Ну, а корысть… Уже к моменту женитьбы семья покойного боцмана была полностью разорена. Дудинские кооператоры предъявили огромный счет на оплату долгов — за выданный и невозвращенный аванс, за снасти, одежду, продукты. В погашение этих долгов ушли все сбережения, все шкурки песцов, которые привез Василий Михайлович, — и доля Бегичева, и доля его самого. Переведенные Норвегией, после многолетних проволочек, деньги за участие Бегичева в розыске Тессема и Кнутсена вдове не выдали: их тоже засчитали в долги! Оставался дом: для обеспечения своего иска кооперация могла наложить на него арест. Спешно его продав и купив в Енисейске дом на свое имя, Натальченко спас семью от полного разорения.

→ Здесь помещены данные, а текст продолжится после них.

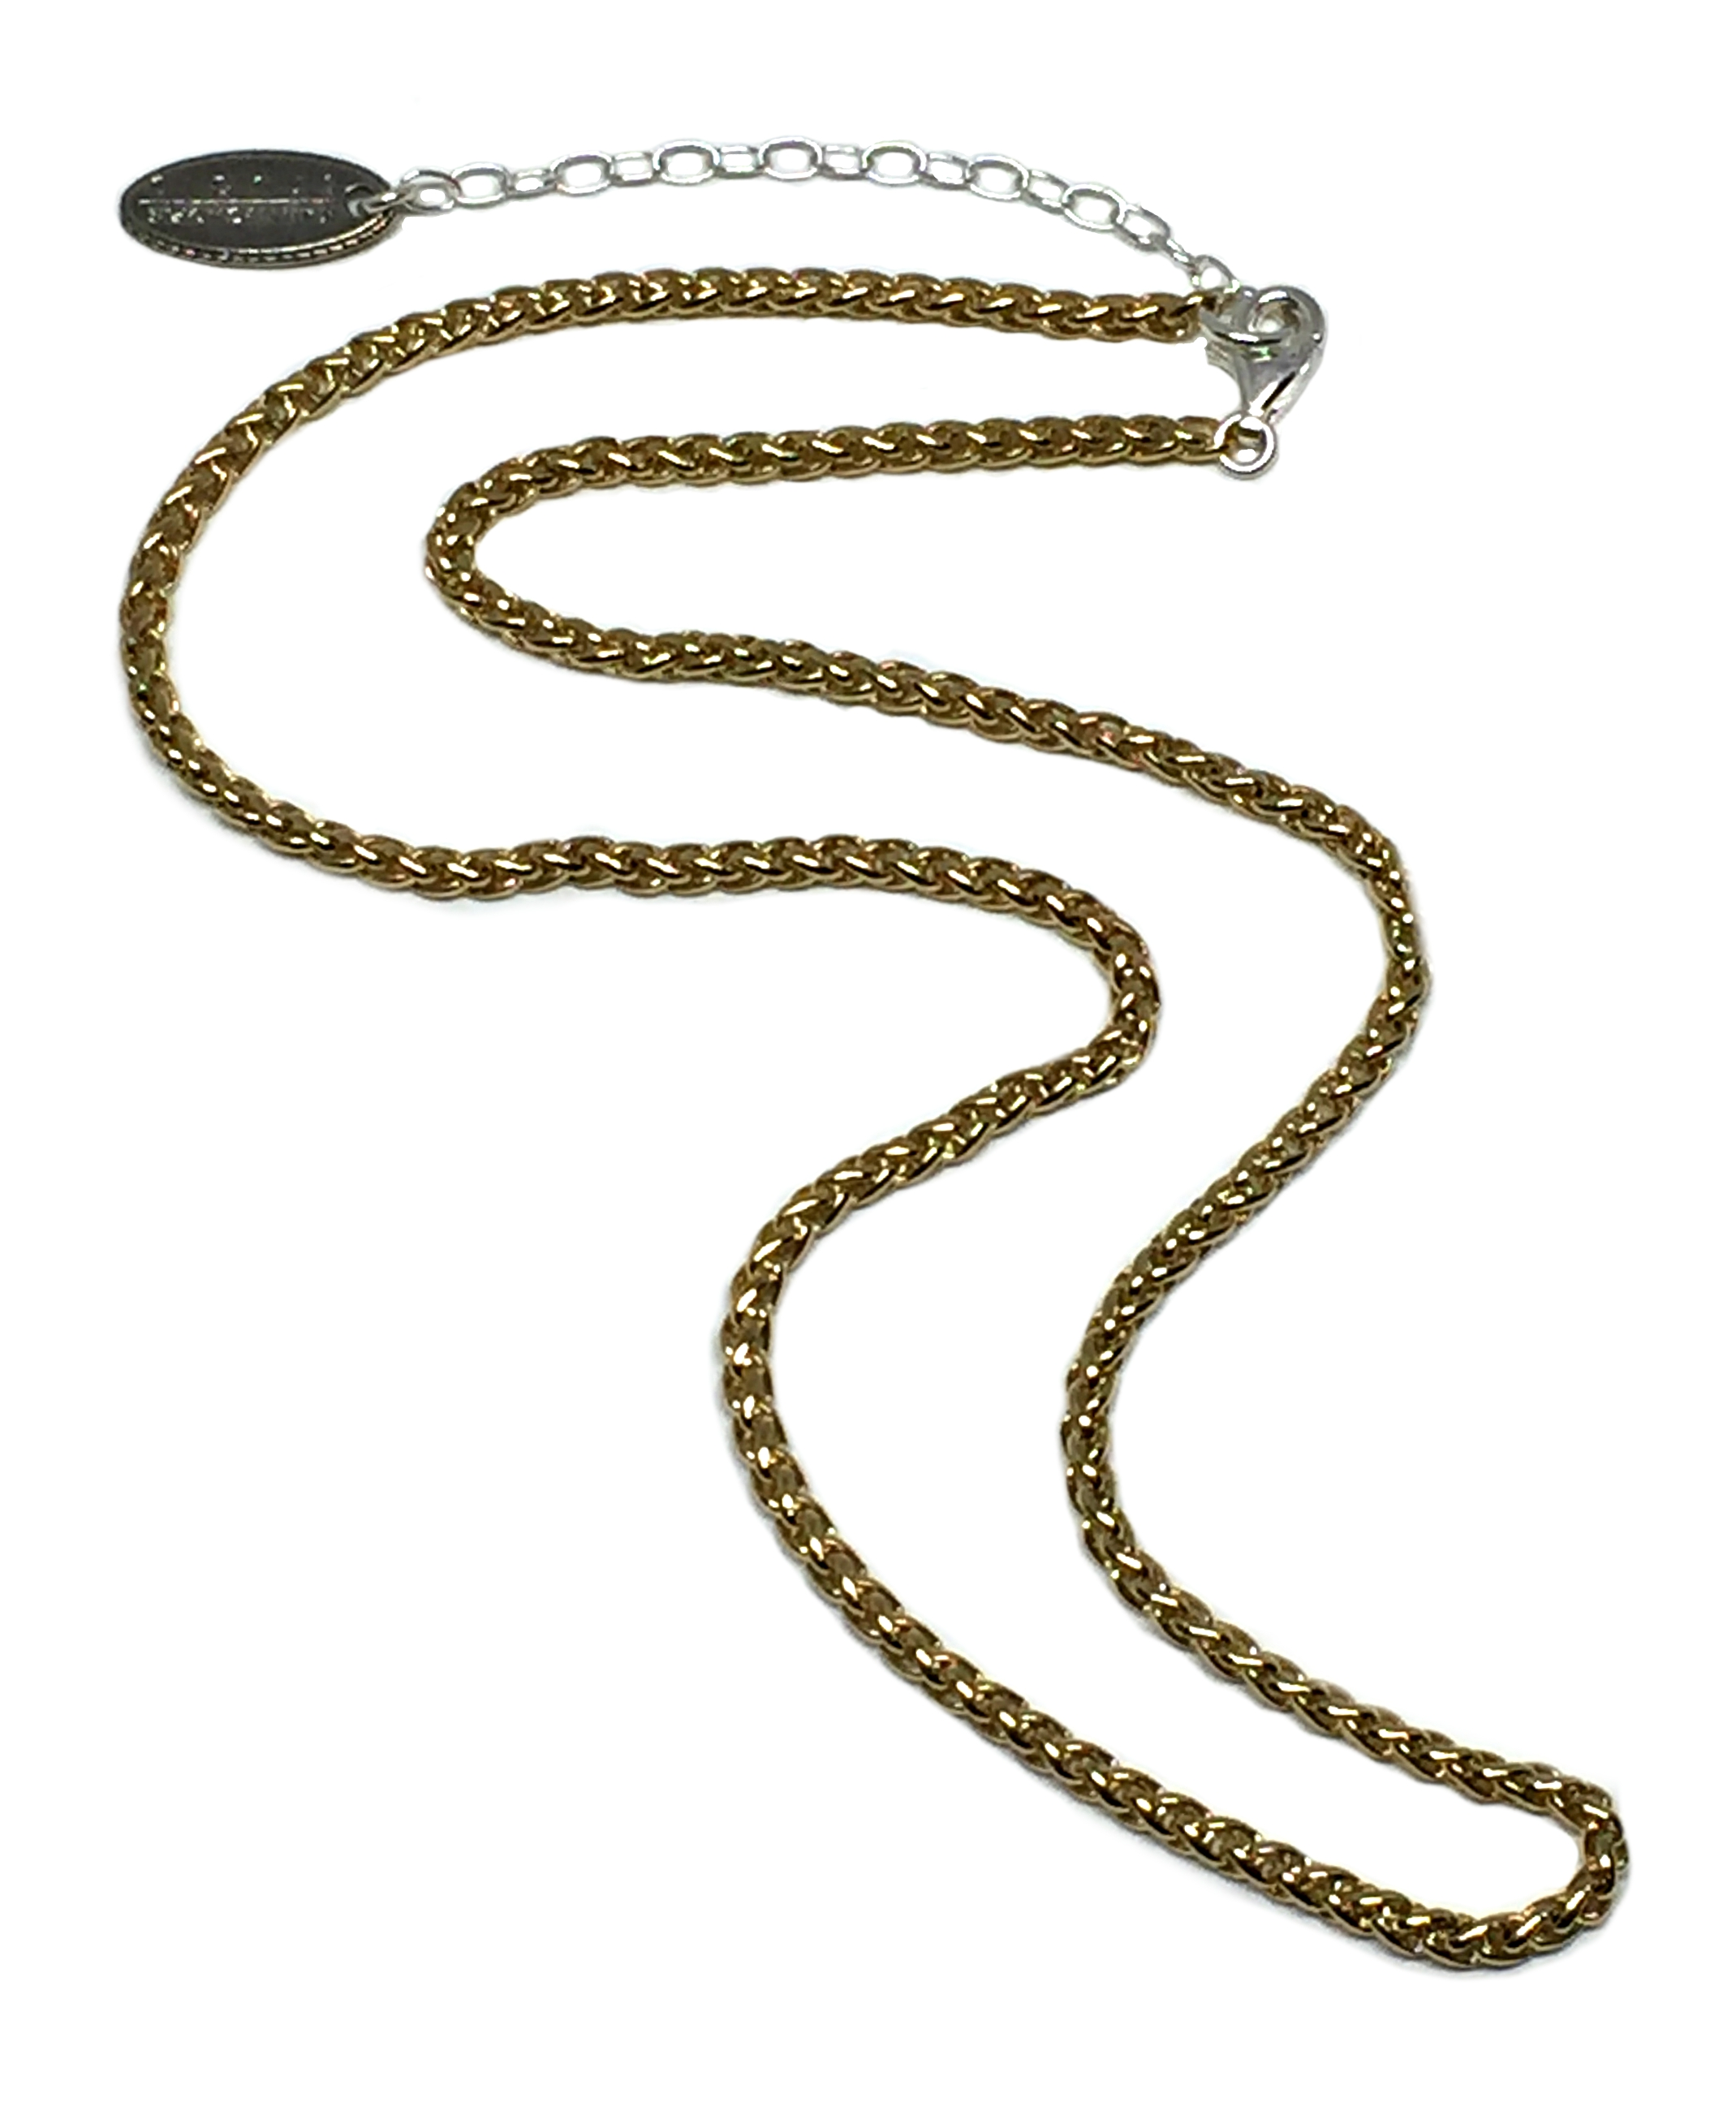 14 karat gold chain by Karyn Chopik | Effusion Art Gallery + Cast Glass Studio, Invermere BC
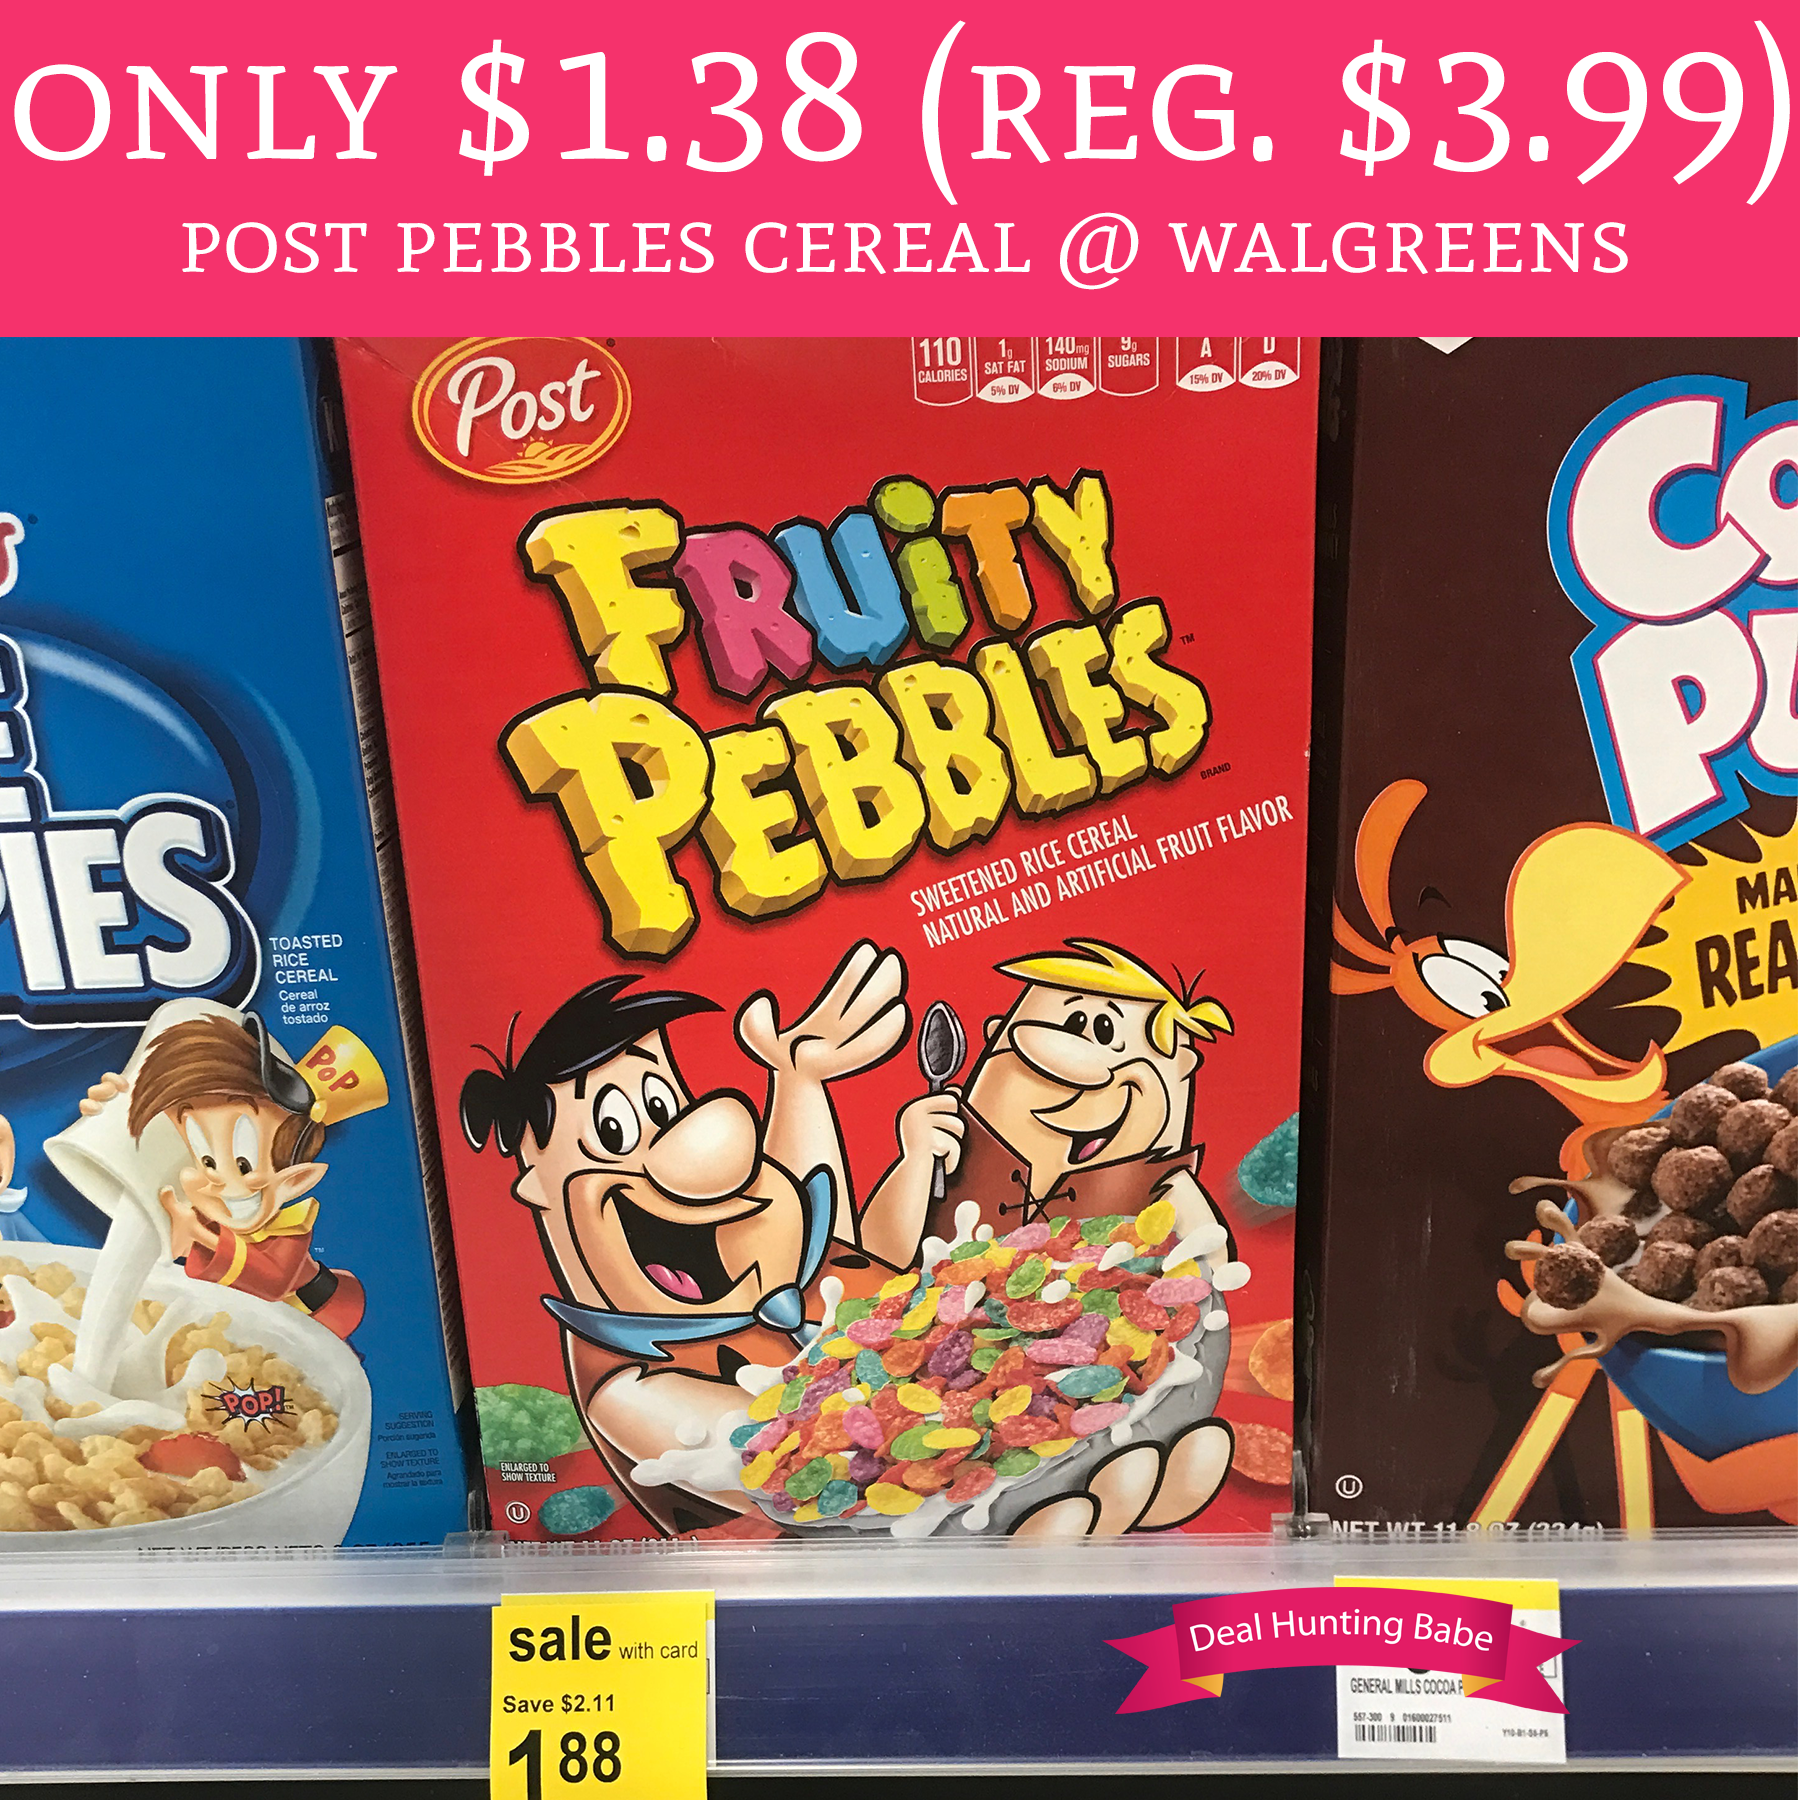 Only $1.38 (Regular $3.99) Post Pebbles Cereal @ Walgreens

Теперь, спустя восемь десятилетий, мы можем взглянуть на ту романтическую трагедию более трезво. Не предполагая, а зная… Зная, что он — с клеймом убийцы, а она — с клеймом его невольной сообщницы прожили вместе долгую-долгую жизнь, до глубокой старости, не изменив друг другу и памяти Бегичева. Вырастили детей — родных детей Бегичева и еще своих, общих. И, наверно, мы вправе сказать, что реальный — не на словах, а на деле — долг перед Бегичевым выполнил именно он, Василий Натальченко, взяв целиком на себя заботу о его семье до конца своих дней.

Тогда, быть может, им владело поистине чувство огромной силы, та всепоглощающая любовь, которая не знает преград и которая, ради себя самой, готова на самые тяжкие злодеяния? Тогда, быть может, действительно его не устраивал тайный роман за спиною друга? Не устраивали удобная жизнь под общим кровом, краденая любовь? Быть может, краденой любви он предпочел явную, хотя бы и добытую столь страшной ценой? Быть может, он отверг слишком разумную мысль остаться еще на три года — срок контракта артели «Белый медведь» — в положении «временщика» и предпочел разрубить (не в переносном — в буквальном смысле) этот тугой узел?

Шекспировские страсти бушуют, конечно, не только в литературе — и в жизни тоже. Все, конечно, может быть, но — было ли? Уж коли так, куда проще, отправившись вместе в ледяную пустыню, убрать соперника не столь безрассудно и вызывающе: мало ли есть возможностей для злоумышленника в условиях долгой зимовки?

Вторгаться в чужую личную жизнь, рыться в подробностях сокровенных, глубоко интимных отношений реальных, а не вымышленных героев — занятие не только малопочтенное, но и постыдное. Криминалисту, однако, приходится заниматься и этим. Потому что нередко постижение чувств, движущих поступками людей, как и скрытых от постороннего взора мотивов их поведения, служит ключом к отысканию истины и, значит, в конечном счете — торжеству правосудия. Лишь бы только, проникая через «закрытую дверь», не упиваться могуществом своей власти, сладострастно не ковырять кровоточащие раны, не наносить дополнительной травмы и без того страдающим людям, не выносить на публичное обсуждение то, в чем неловко бывает признаться даже себе самому.